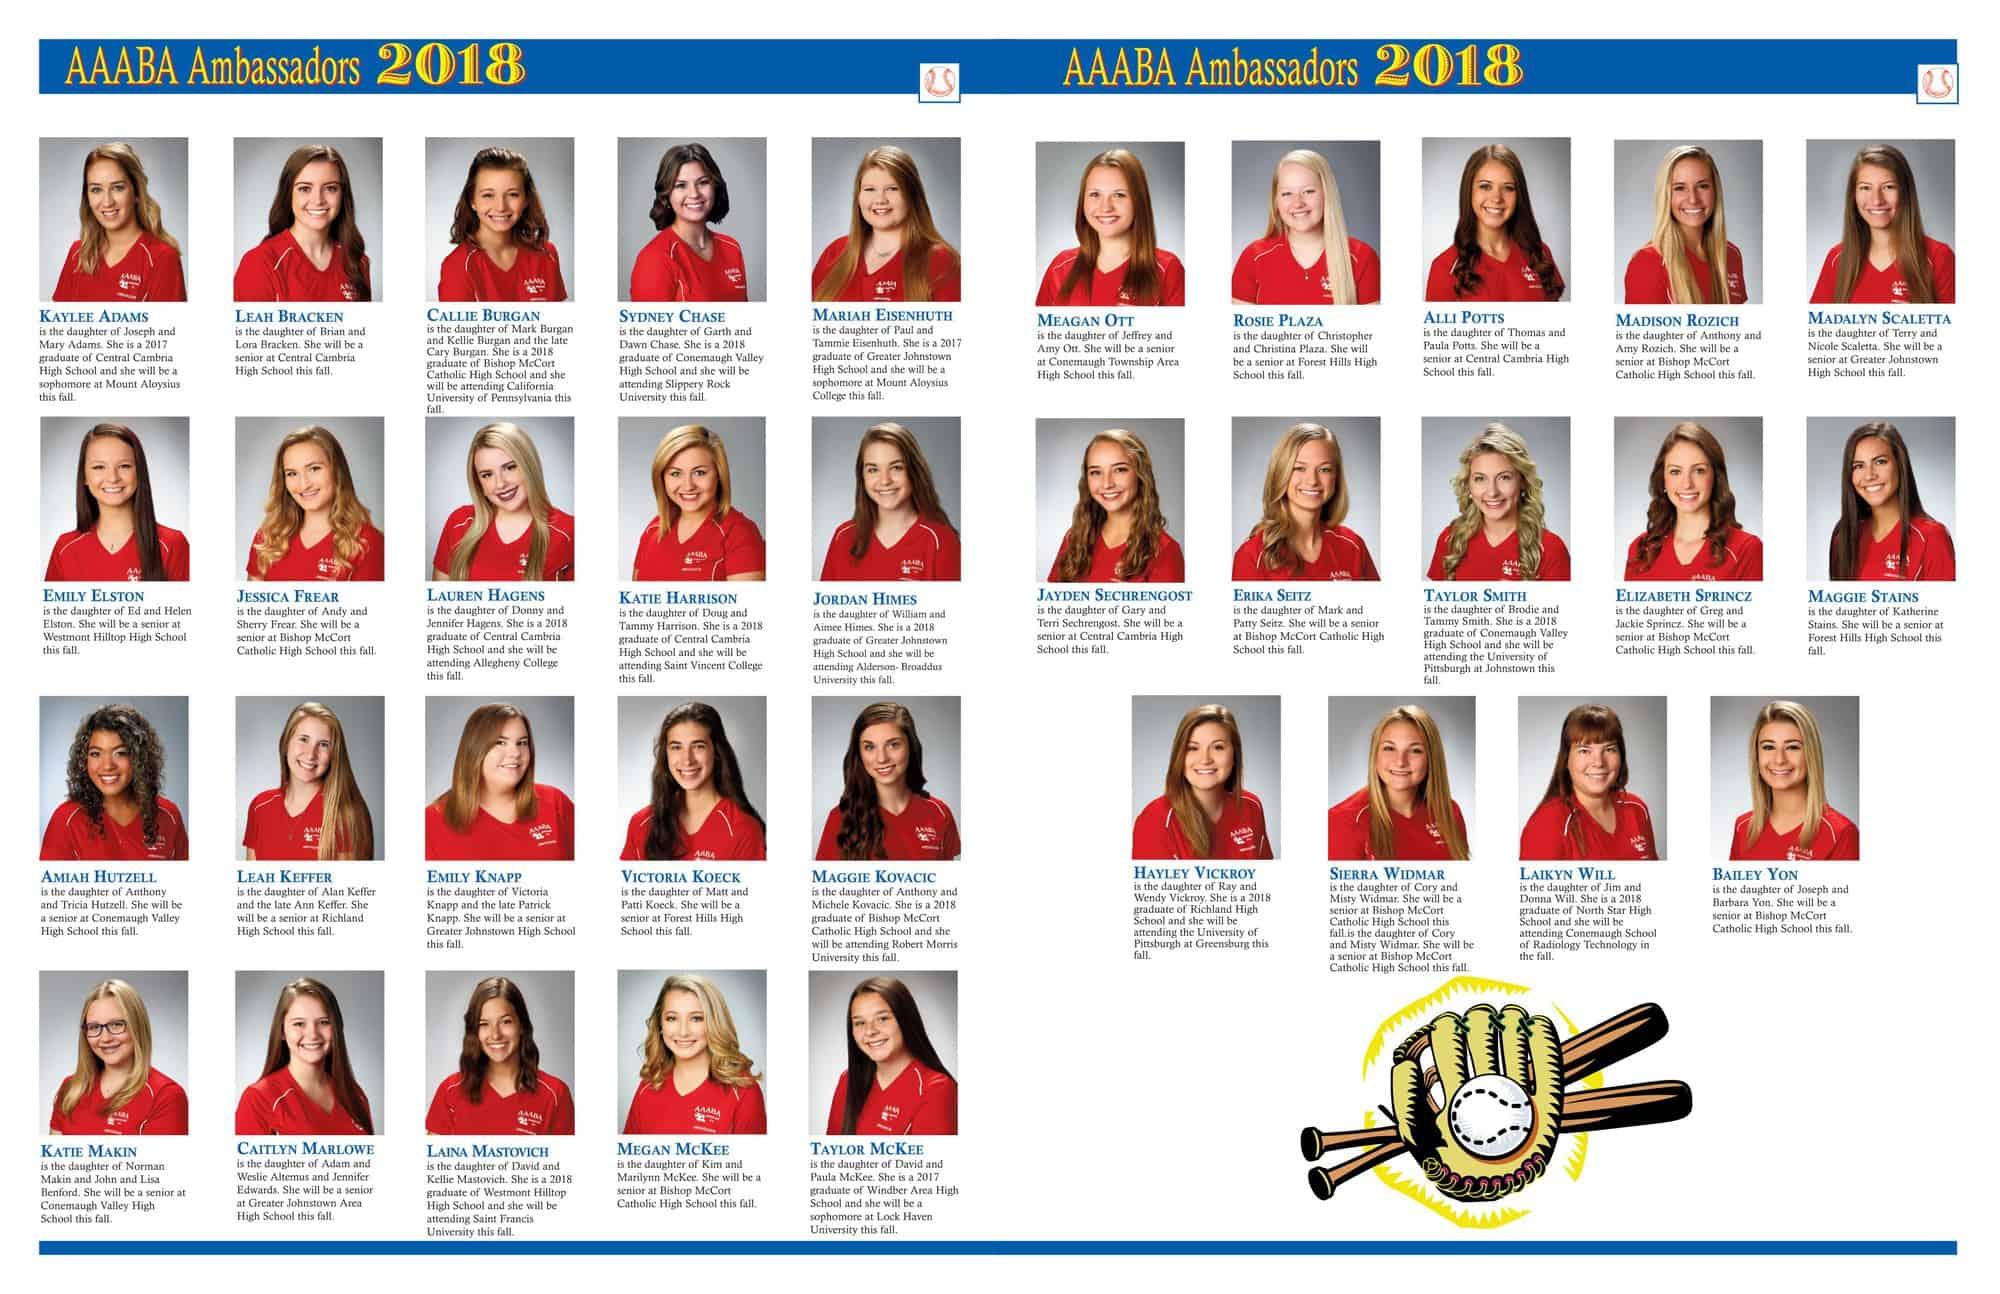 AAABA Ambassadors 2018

::::::

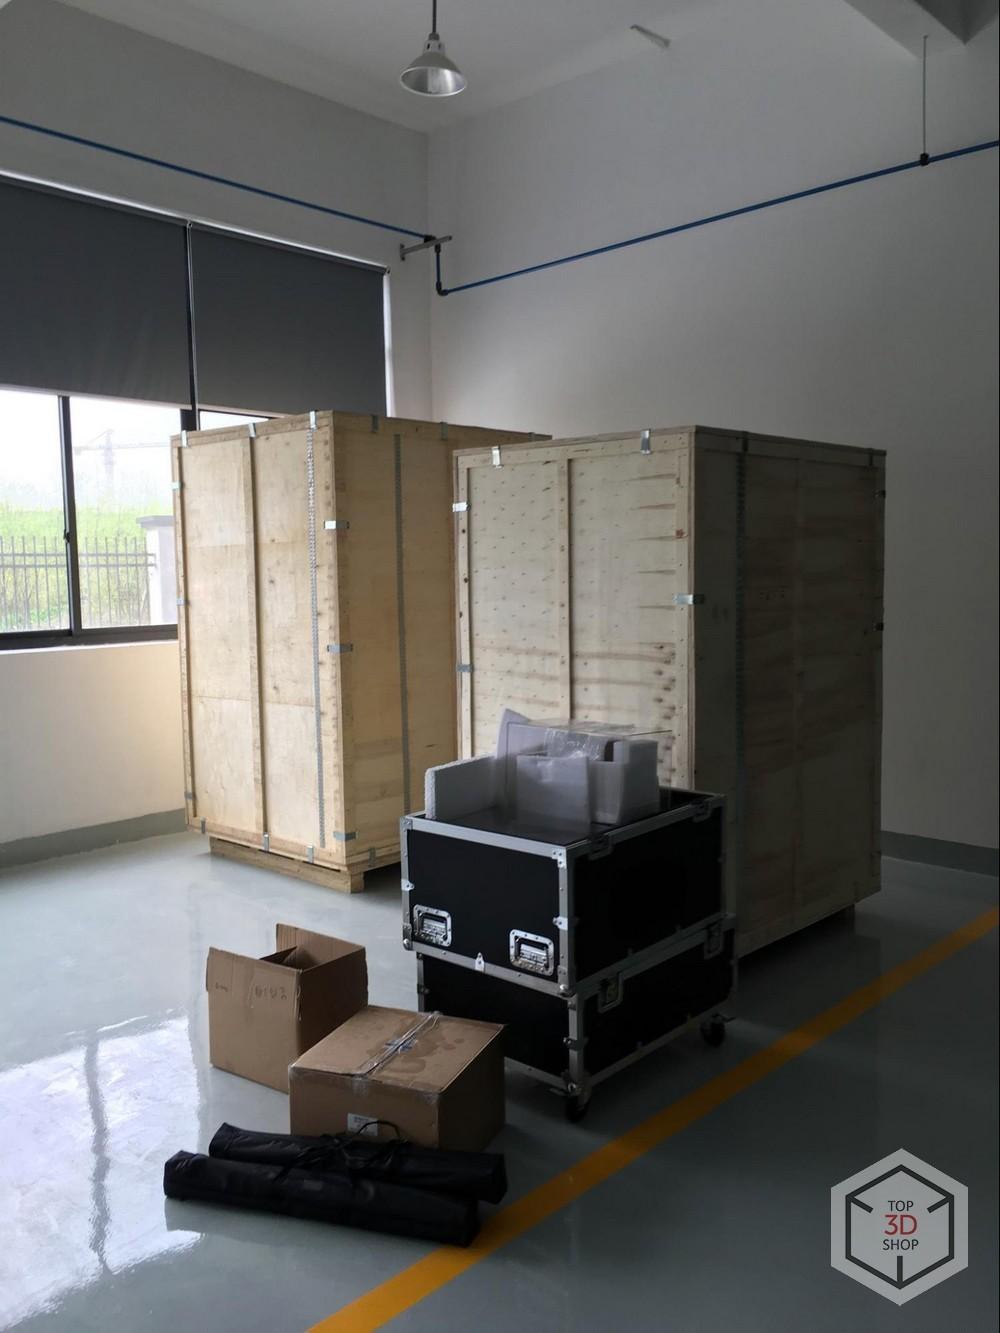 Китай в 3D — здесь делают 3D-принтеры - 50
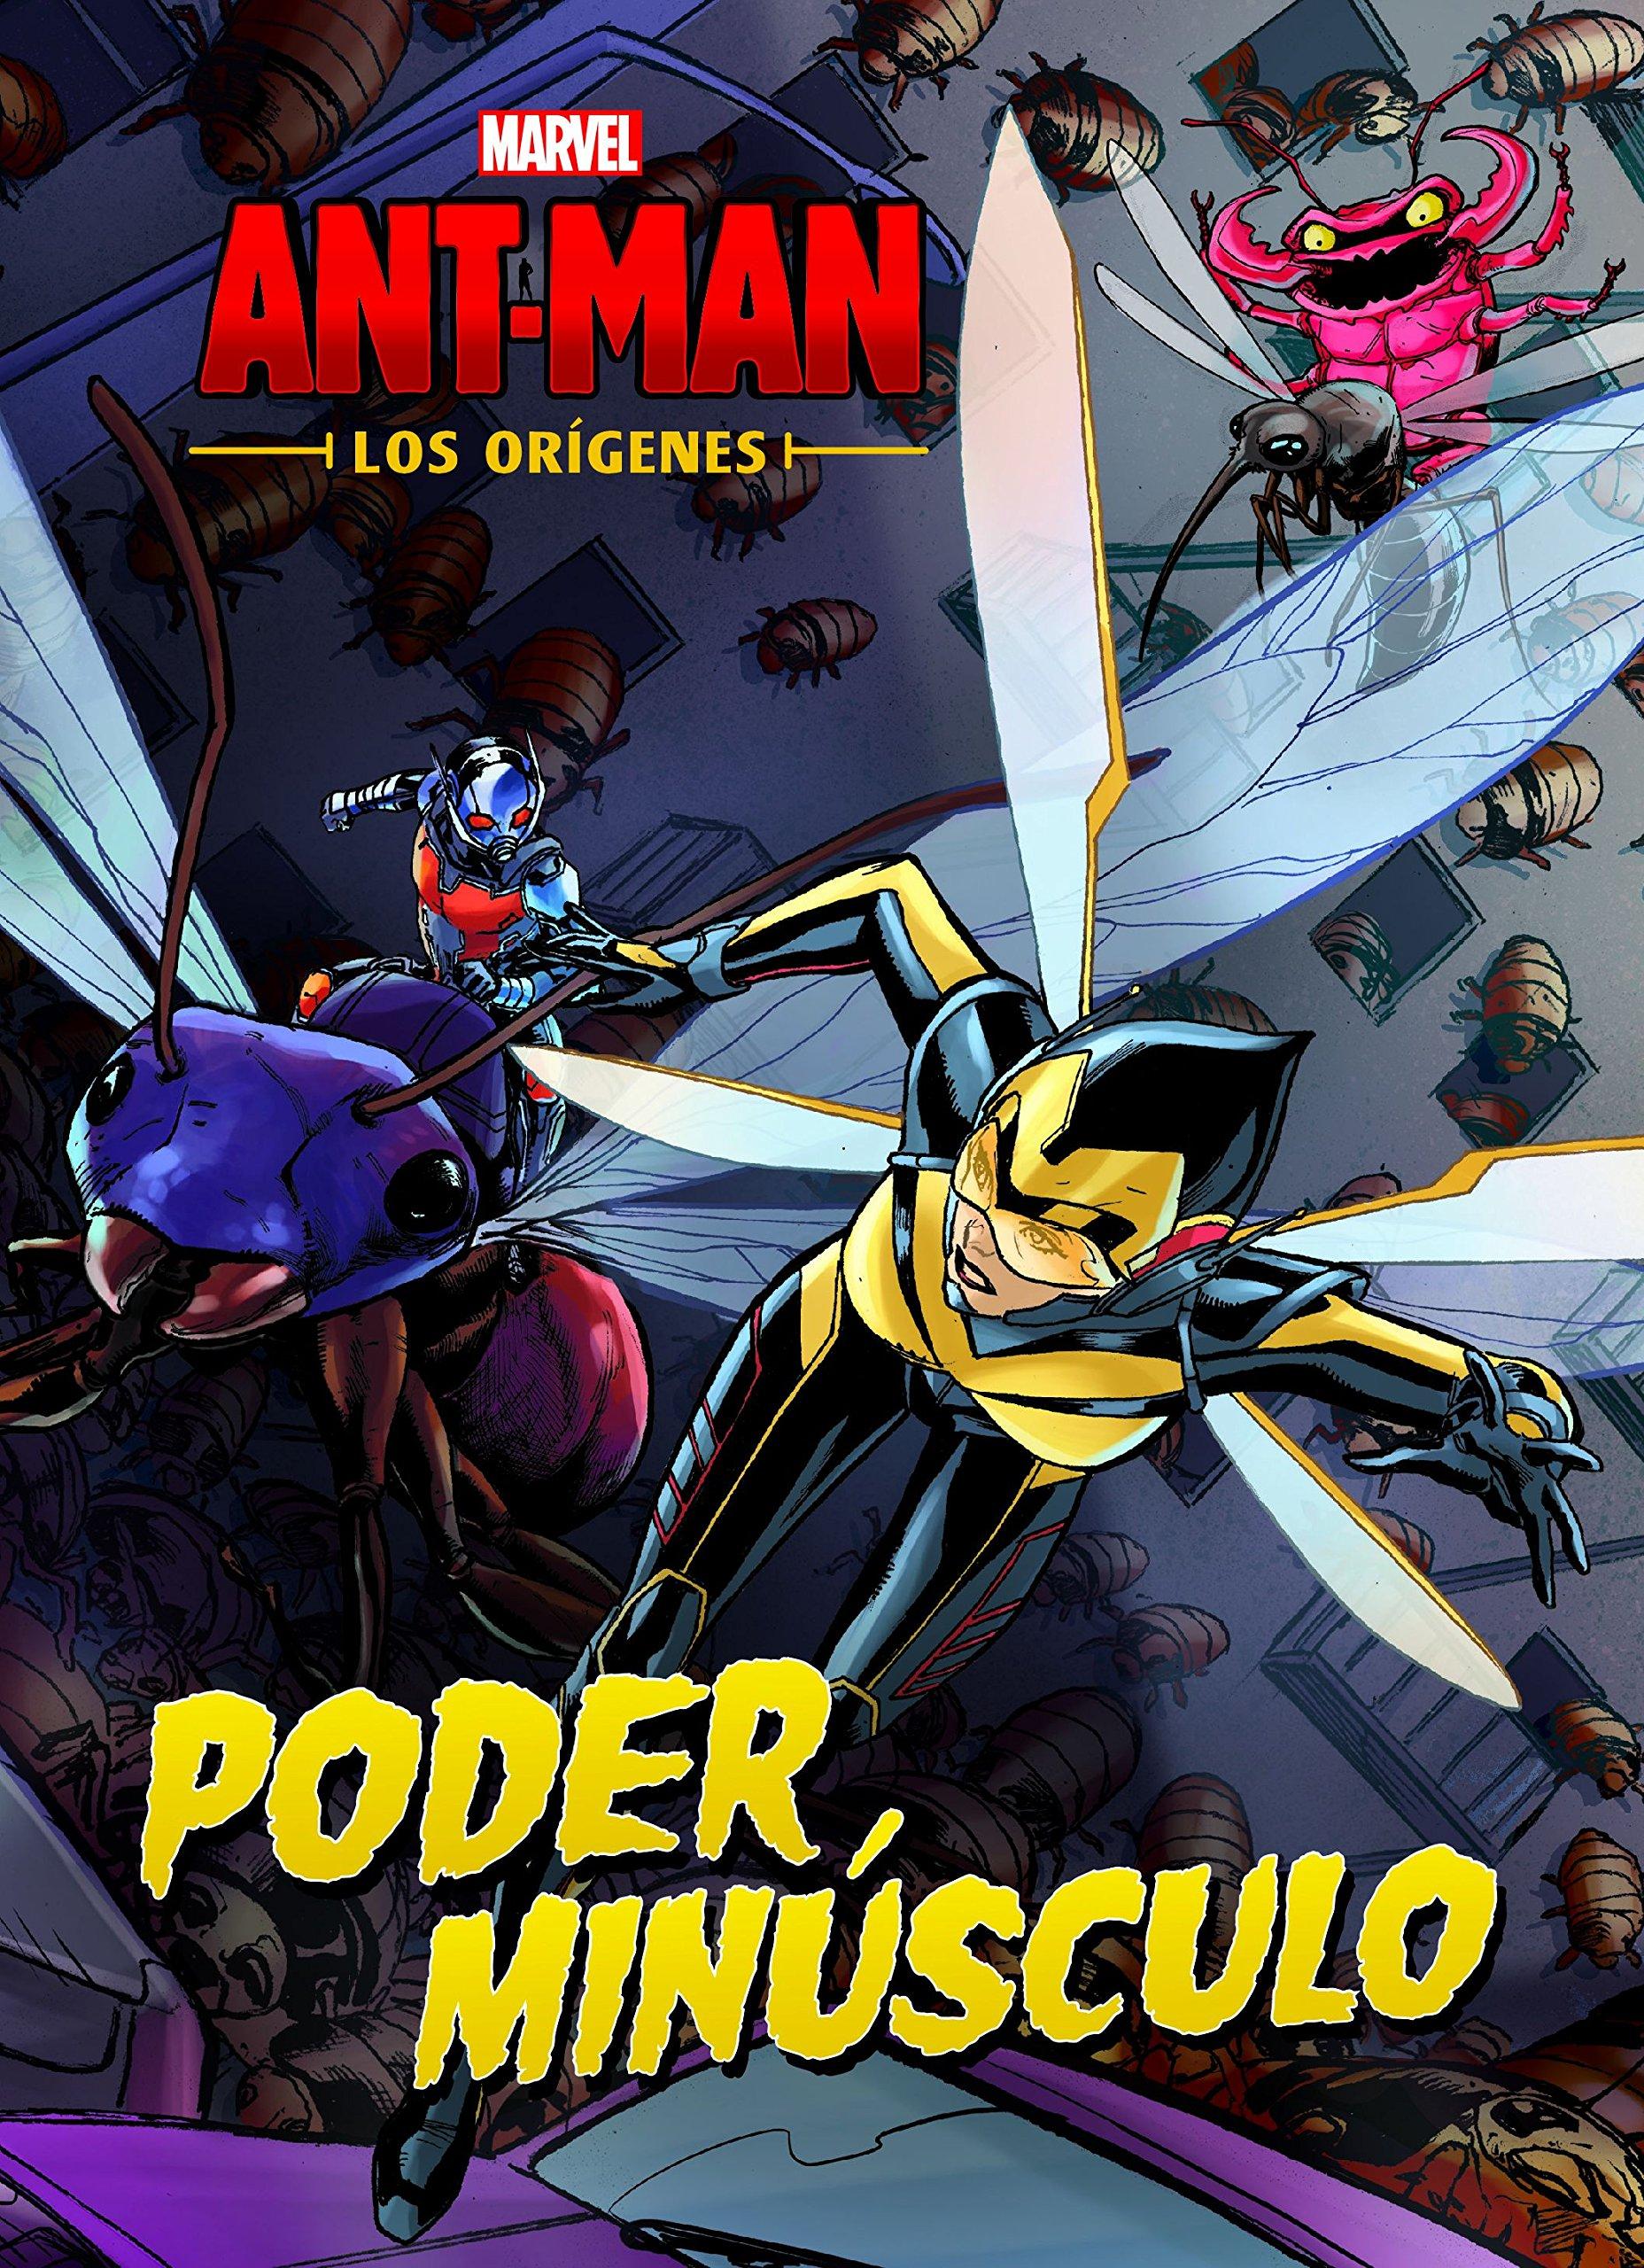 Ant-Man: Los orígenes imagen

::::::

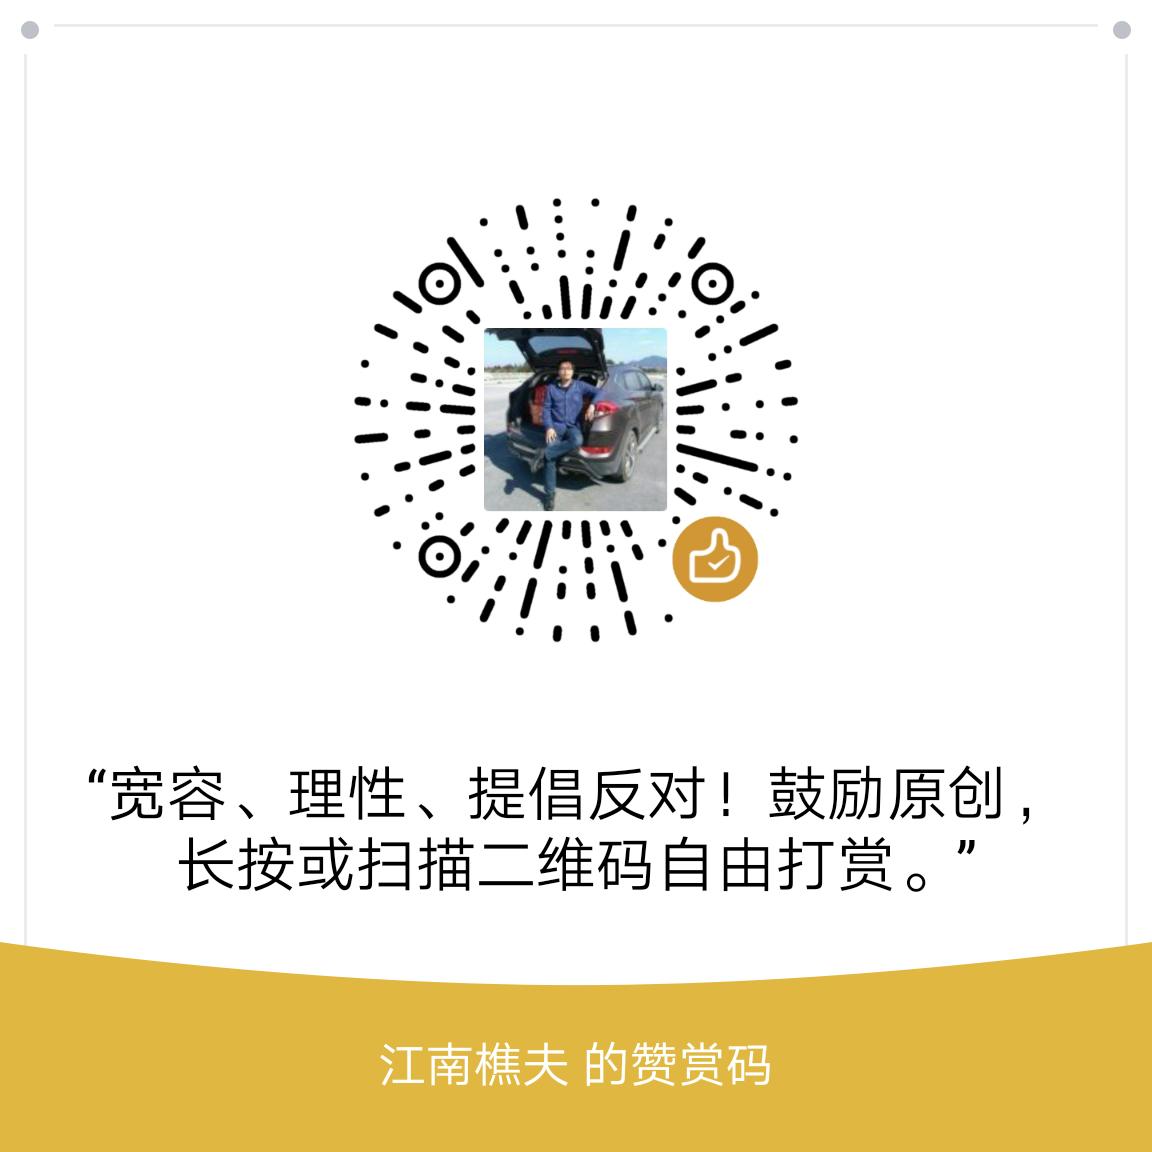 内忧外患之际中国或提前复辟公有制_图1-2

::::::

■ **Problem to work on**:
Only one part of the material above is wanted: the lines from the one with "Китай в 3D — здесь делают 3D-принтеры - 50" up to and including the one with "Ant-Man: Los orígenes imagen". Please copy them exactly, pictures left out.

■ **Expected output**:
 Китай в 3D — здесь делают 3D-принтеры - 50
 Ant-Man: Los orígenes imagen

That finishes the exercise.